All that being said, I was a huge Imperial Guard player for years.

Hmm... I think, maybe, I just convinced myself to start Chaos for a second army.

All you long-time traitors out there, fell free to give me advice!


----------



## cccp (Dec 15, 2006)

id be an ork. if you like fighting, the 41st millenium is the place for you. and once you die, you grow into another ork!


----------



## Brother Shrike (Nov 1, 2007)

shrike. hence my name. realistically: we'd all probably be plain-jane guardsmen.


----------



## Skr121 (Oct 3, 2007)

I think I'd go for inquisitor. Either Malleus or Hereticus.


----------



## cccp (Dec 15, 2006)

theres nothing wrong with being a guardsman:biggrin:, i mean a lasgun isnt that bad right?


----------



## Bloodhound (Feb 8, 2007)

Sure if you like stabbing people with cigars. Basically the same effect in my opinion.

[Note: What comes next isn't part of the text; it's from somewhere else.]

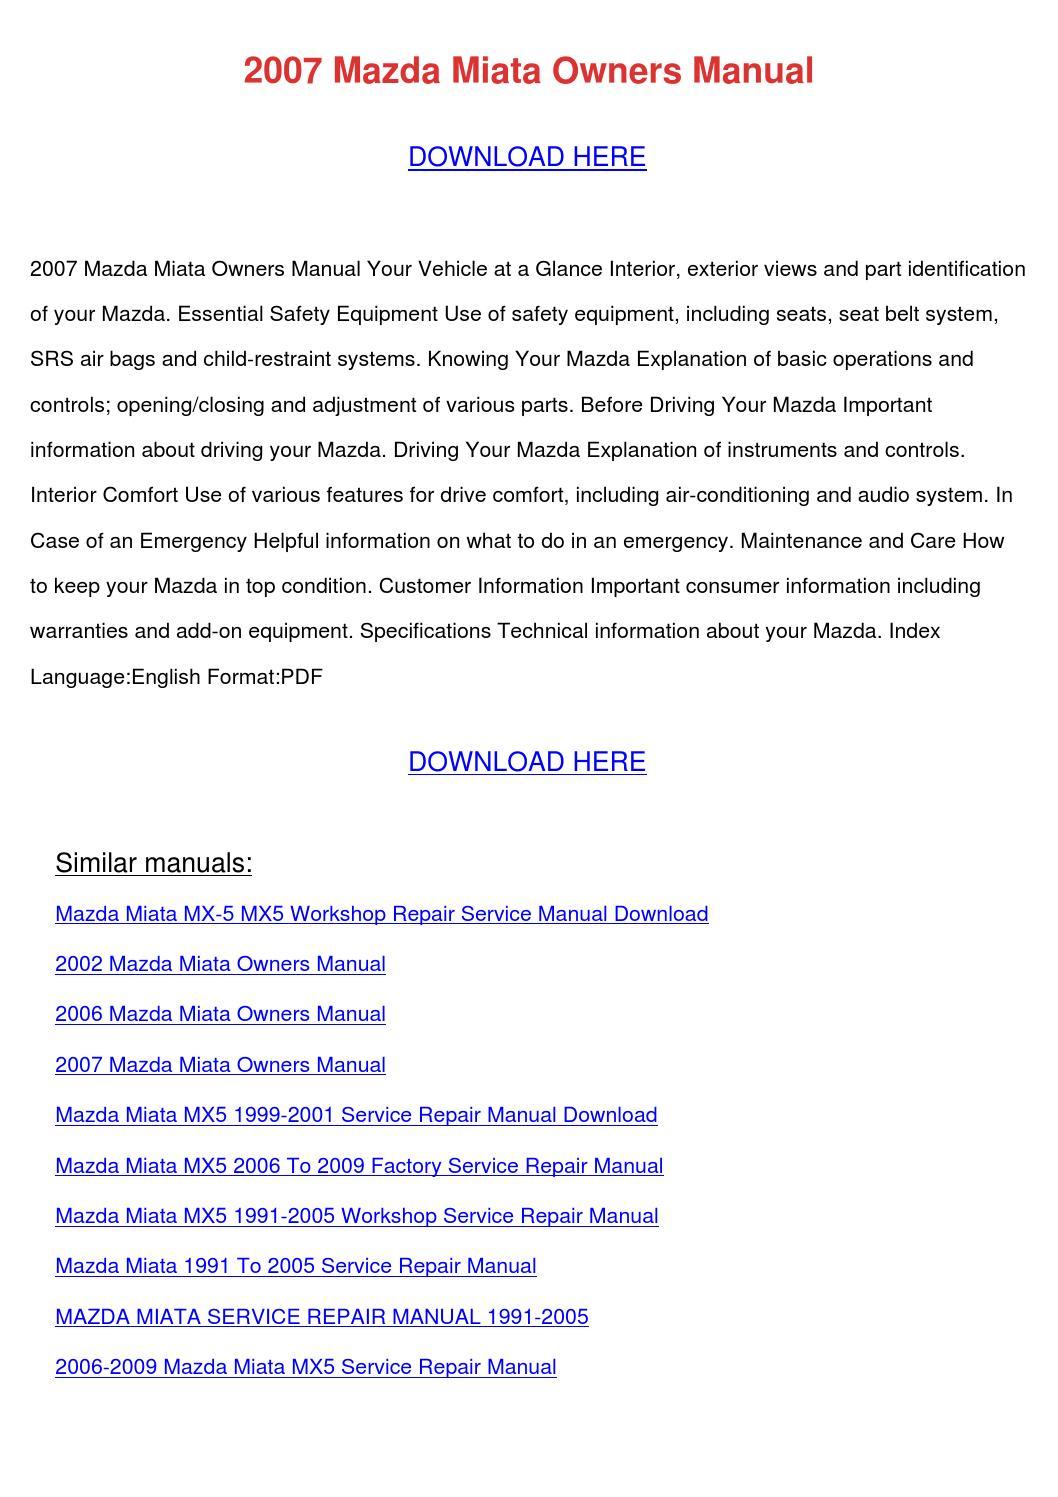 2007 mazda miata owners manual by wadetremblay issuu rh issuu com 2007 mazda miata owners manual Mazda Miata Owner's Manual

Guard 1: So searge, How do you use this lasgun?
Searge: See the mode switch here? Use this.
Guard: Cigar lighter, Campfire starter, Torch, Laser Pointer.......Where's the kill setting on this thing?
Searge: er........ *Runs off*


----------



## Words_of_Truth (Sep 20, 2007)

Adeptus arbites are well better they get equipped with carapace, bolters etc and still get to fight without the problem are being used as cannon fodder on a front line.


----------



## Captain Micha (Nov 2, 2007)

Either, a C'tan, a necron lord, a Tau Shaso (like farsight), or a lord general militant. for all the same reasons. I'm the one calling the shots


----------



## Red couisars (Sep 2, 2007)

i would be a dire avernger they rule


----------



## demonkin (Nov 2, 2007)

chaos marine or cultist (khornite) because theyre so awsome its unbelivible (not cultists) and they get chain-axes and you slowly become one with youre armour


----------



## CGall10 (Nov 4, 2007)

an eldar warlock your brain copasity is amazing your strong and the responsibility isn't on your sholders it's on the farseers


----------



## Anphicar (Dec 31, 2006)

If I could be anything.._anything_...

I'd be a grot.


----------



## Cfreak (Oct 3, 2007)

Hmmm.... A commisar. No responsibility but the power to summarily execute random guardsmen, even officers! Yay!


----------



## squadiee (Nov 4, 2007)

Guard baneblade commander. I love tanks, and getting to take command of an uber tank would be the best thing possible :grin:


----------



## freaklord (Sep 13, 2007)

a thunderbolt pilot, just for the glory of it.


----------



## Xabre (Dec 20, 2006)

The 40k Universe, right?

Master of the Fleet of a Grey Knight strike force, commanding a Venerable Black Ship for a flagship.

...

Guess what my BFG fleet is? :victory:


----------



## Bishop120 (Nov 7, 2007)

Lol @ Xabre.. Wondering if anyone was going to remeber the Grey Knights... Personally I would be a Grey Knight Grandmaster hunting down the worst of the Chaos scum through out my Emporers galaxy.


----------



## DAMIAN_102 (Sep 24, 2007)

i would be a primarch probably lion el jonson cos you get to be mega powerful whilst not having to spend eternity on the toilet (emporer im looking at you)

:biggrin:


----------



## Words_of_Truth (Sep 20, 2007)

but Lion el'jonson is on a toilet deep within the rock


----------



## Dirge Eterna (Apr 30, 2007)

Being tended by the Watchers in the Dark, in some locked room.

-Dirge


----------



## Lord Syphallus (Nov 11, 2007)

A Noise Marine of the Emperor's Children. Party to excess on rock on!


----------